**Source material:**
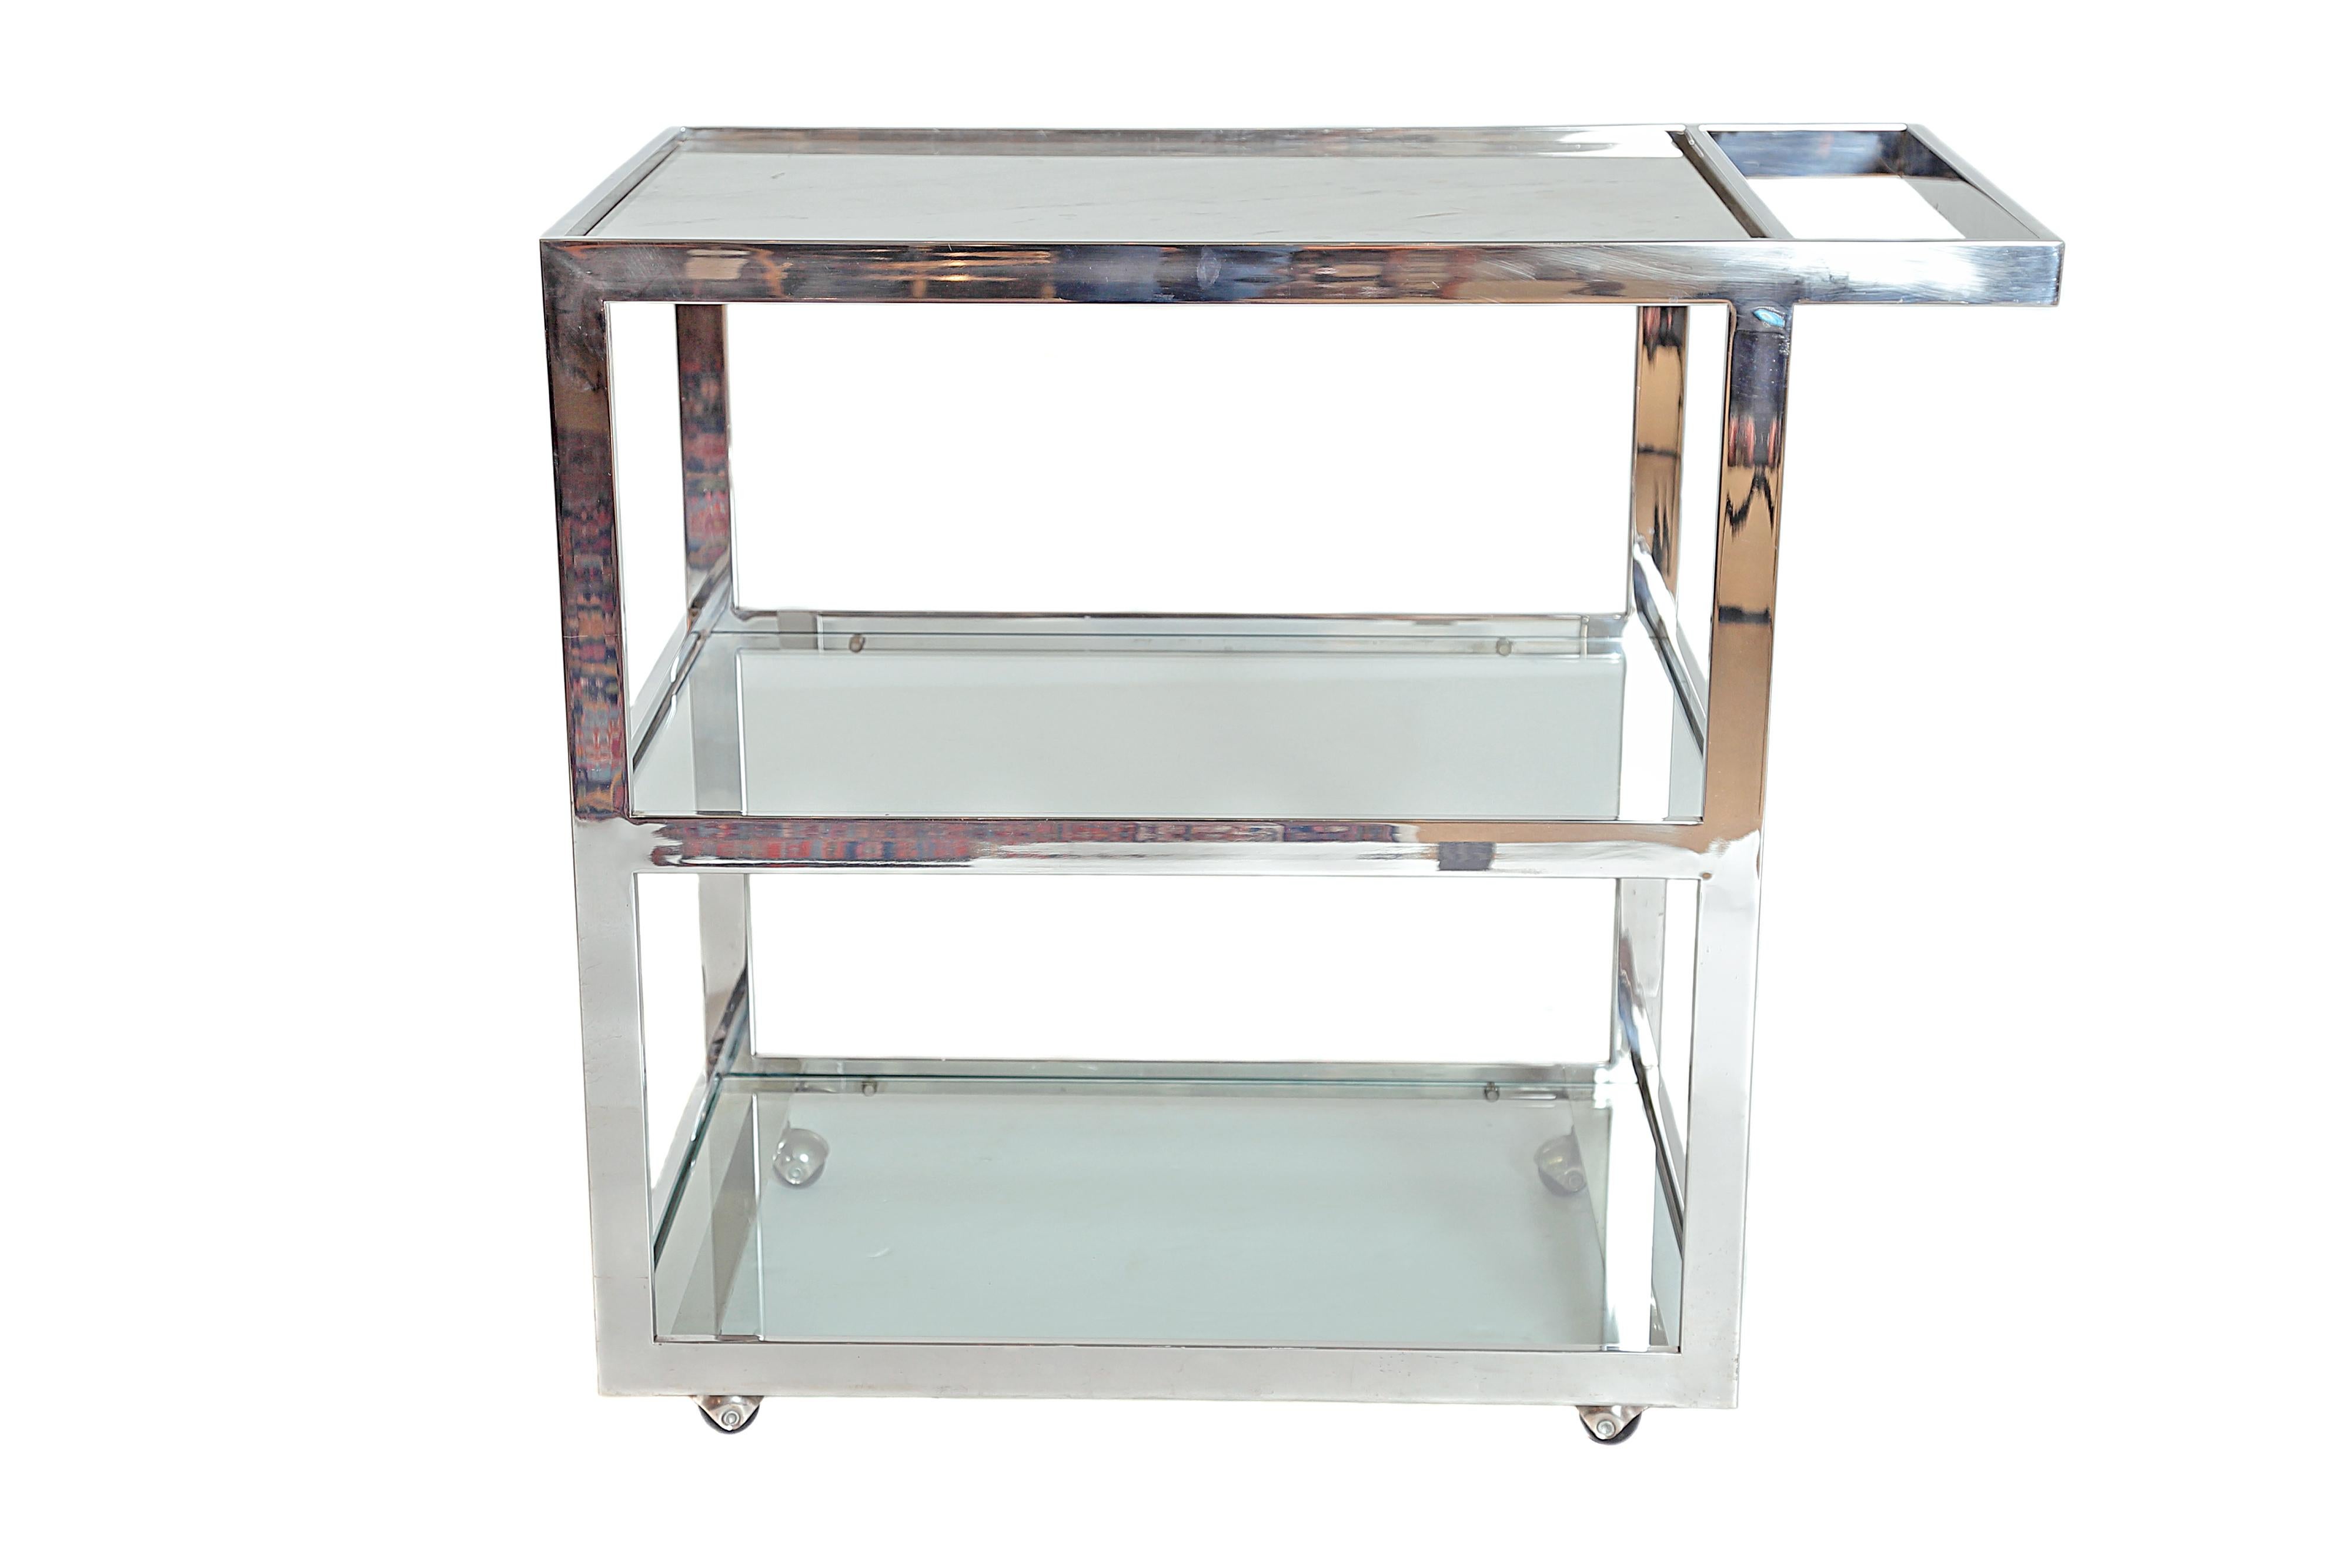 Vintage chrome, glass and Carrara marble, three-tiered drinks cart with handle, attributed to Milo Baughman, circa 1970s.
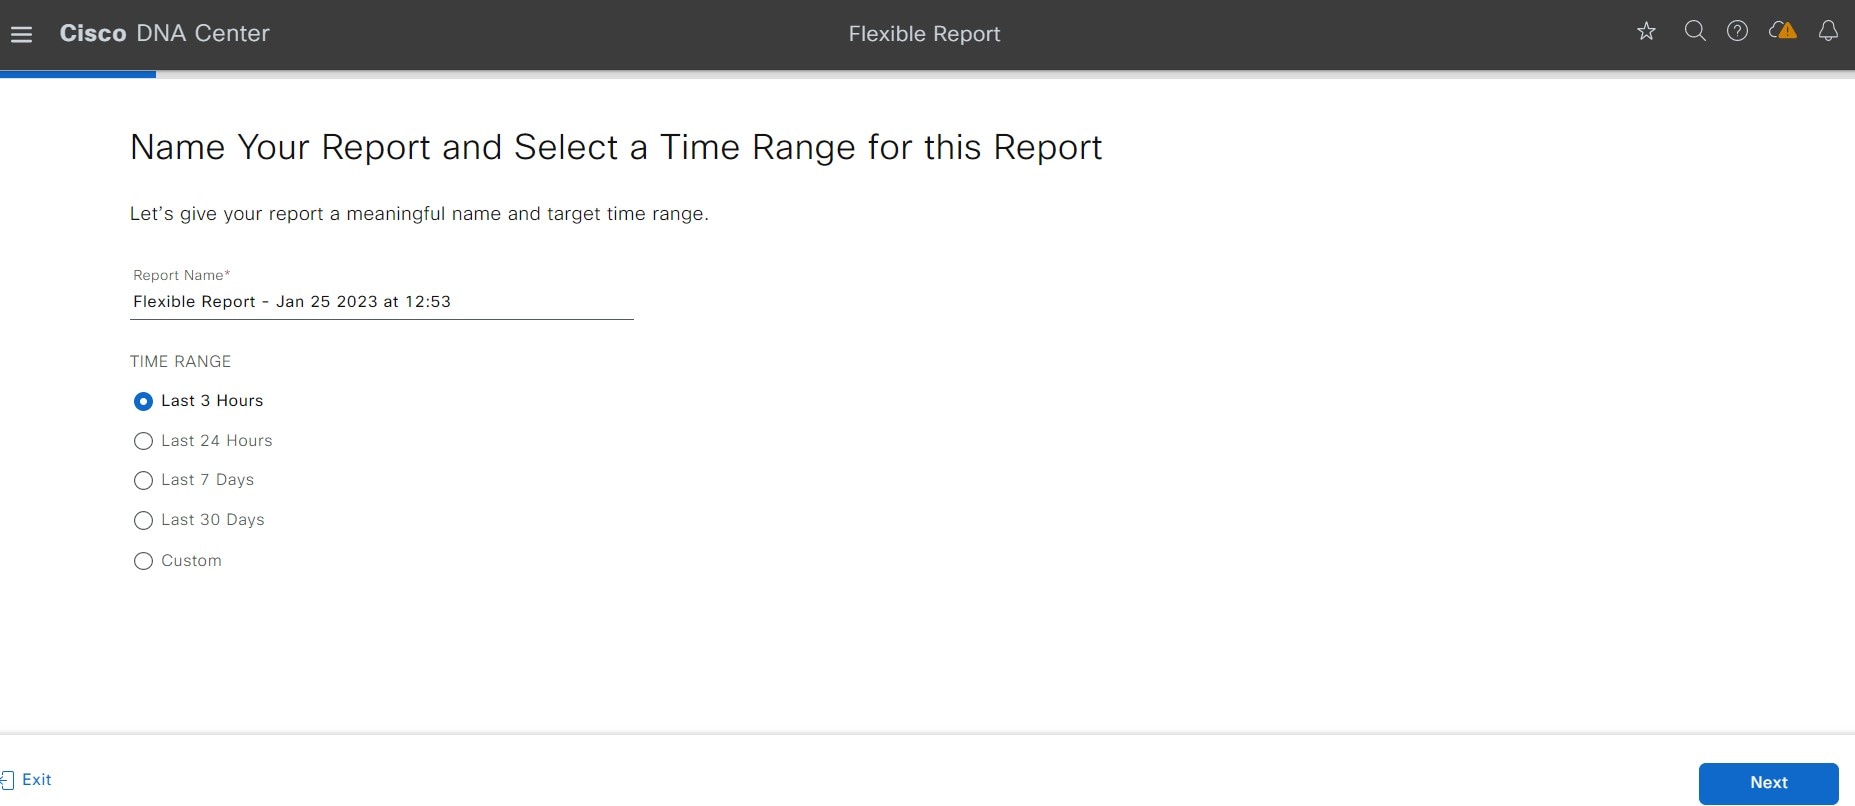 Window displays the Name Your Report and Select a Time Range for this Report page
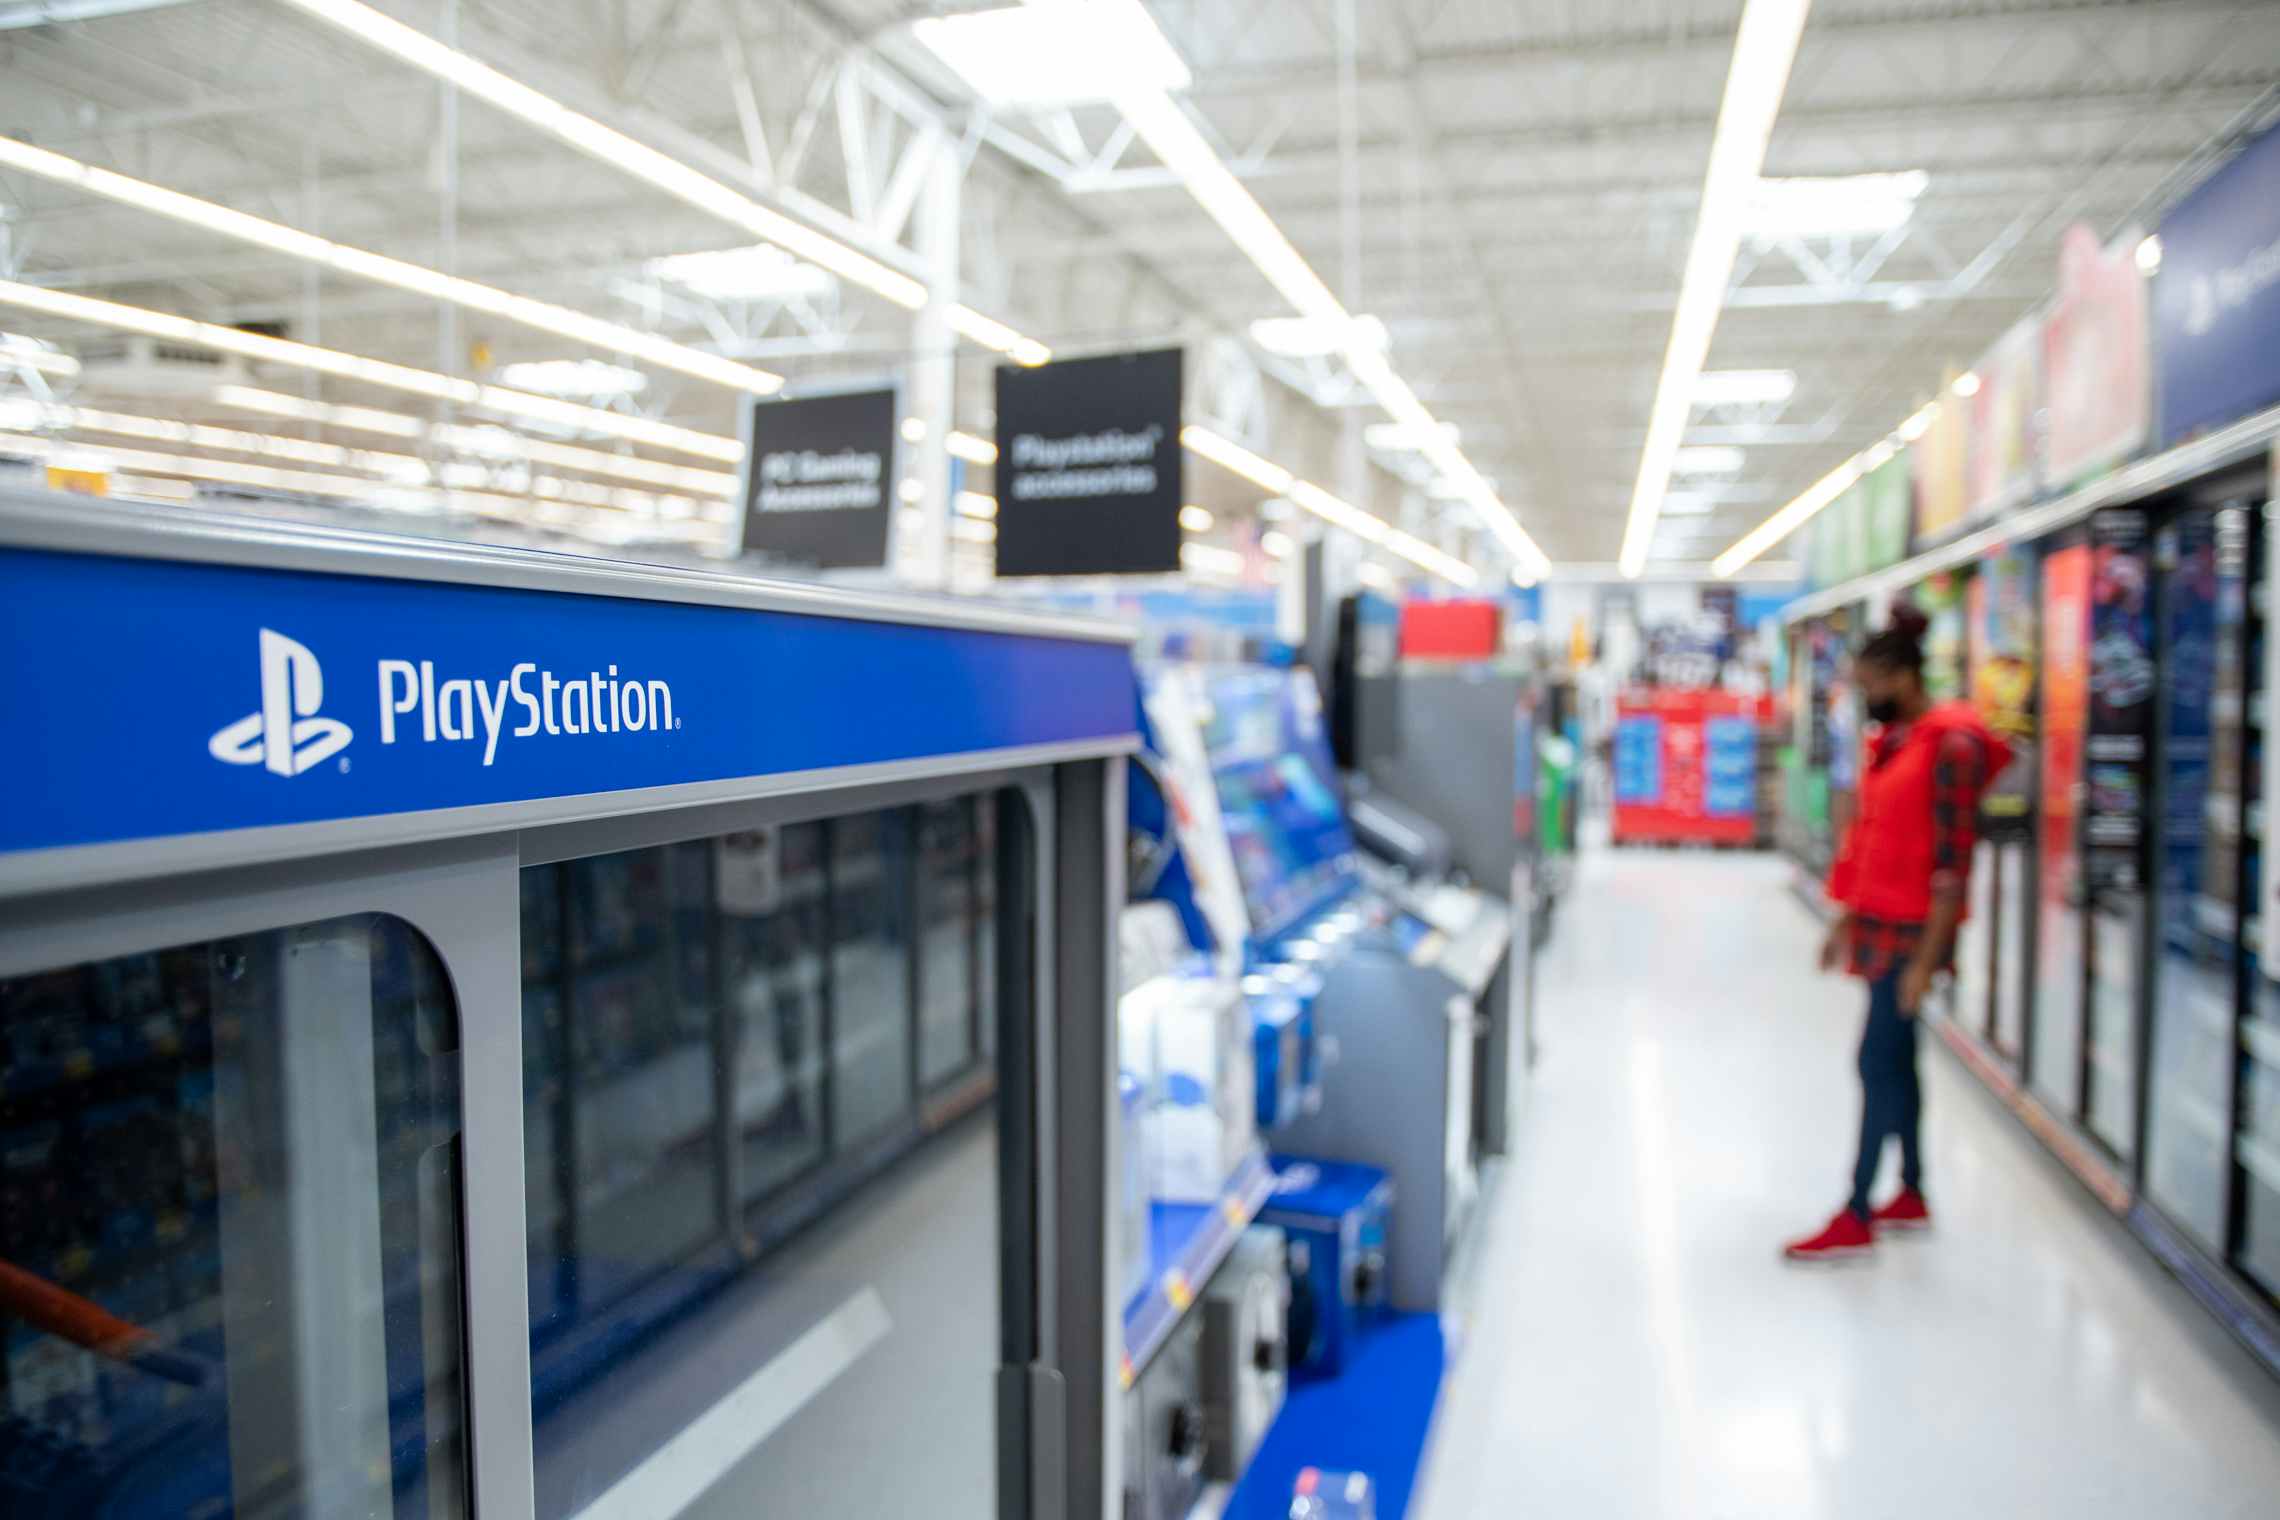 A person shopping in the PlayStation aisle at Walmart.

**Exercise prompt:** Write out the whole listing above exactly, minus images.

**Completed exercise:**
 Vintage chrome, glass and Carrara marble, three-tiered drinks cart with handle, attributed to Milo Baughman, circa 1970s.
 Window displays the Name Your Report and Select a Time Range for this Report page
 A person shopping in the PlayStation aisle at Walmart.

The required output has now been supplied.